Daisy felt someone’s presence approaching before she saw who it was. She turned slowly with a bit of an anticipatory eye roll, preparing to fend off a typical hotel bar pick-up line from a dude.
The woman’s face was still hidden by shadows, but Daisy knew her voice immediately.
“Excuse me, ma’am. Is this seat taken?” Carol leaned in and winked.
Daisy squealed and jumped off her barstool, abandoning the nearly empty tiki cup on the bar behind her for the night.
“You’re here!” Daisy stopped grinning just long enough to kiss her girlfriend. “Did you just get here?”
Carol nodded and hummed in the affirmative, kissing Daisy again. “I put my stuff in our room and then came back down as fast as I could. I needed to see you. You would not believe the day I’ve had.”

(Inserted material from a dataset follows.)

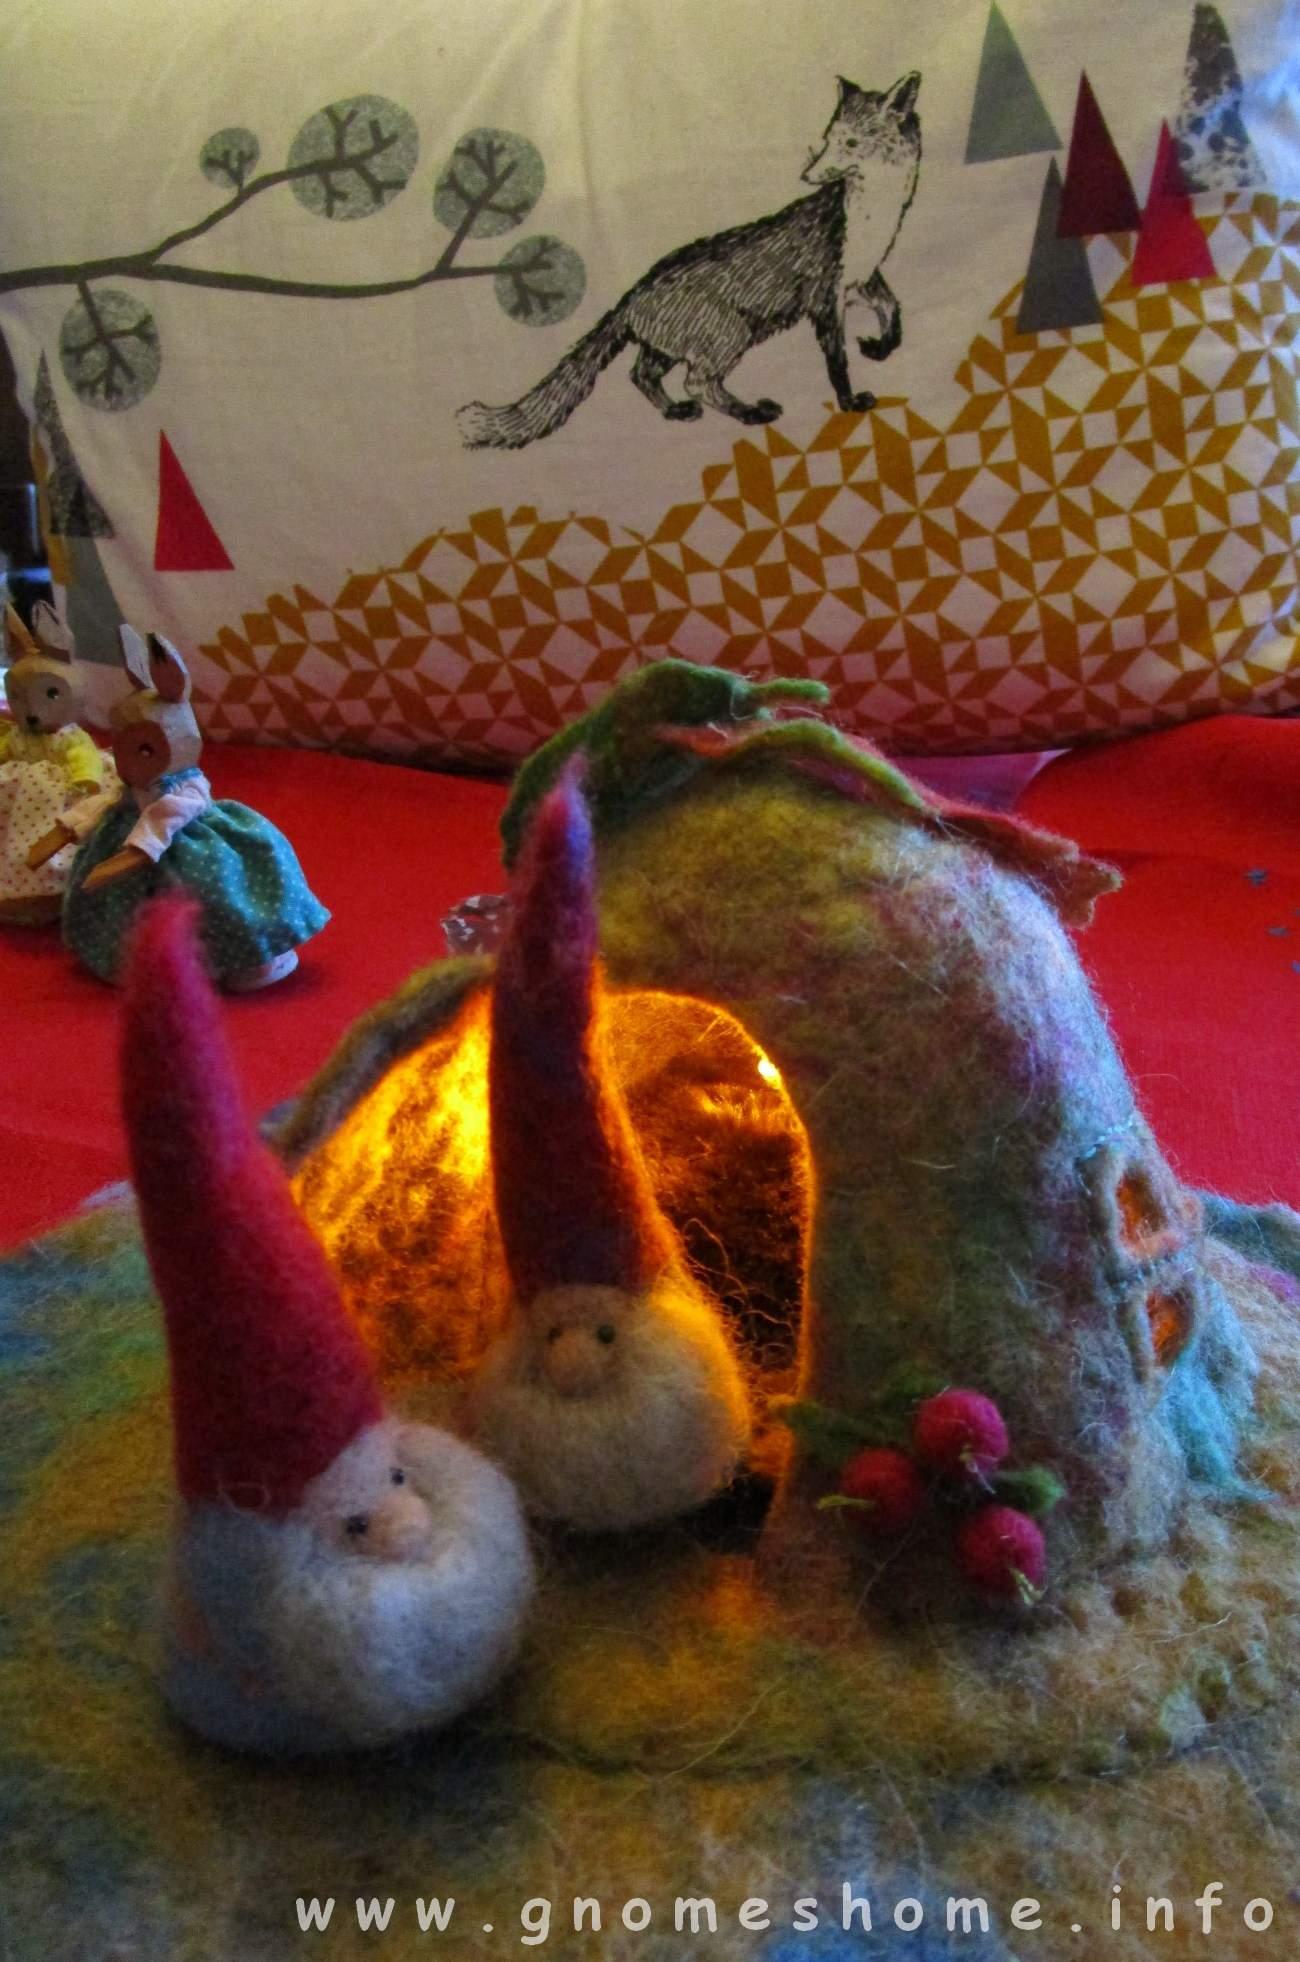 gnomeshome 3

“Aw,” Daisy sighed in sympathy. “And you just missed it—Mack proposed!”
Carol smiled again. “I saw it just as I was walking up. Couldn’t hear anything, but I could see it from the path from the hotel.” Carol nodded toward the route she’d taken, a flower-lined walking path that wound around the hotel grounds and down to the beach, like a concrete river making its way to the ocean, but with tourists instead of water.
“Wanna go for a walk and you can tell me about your trip?” Daisy offered. Other couples were breaking off from the party too, most going back up the path to their rooms for the night or headed to the other nearby hotels.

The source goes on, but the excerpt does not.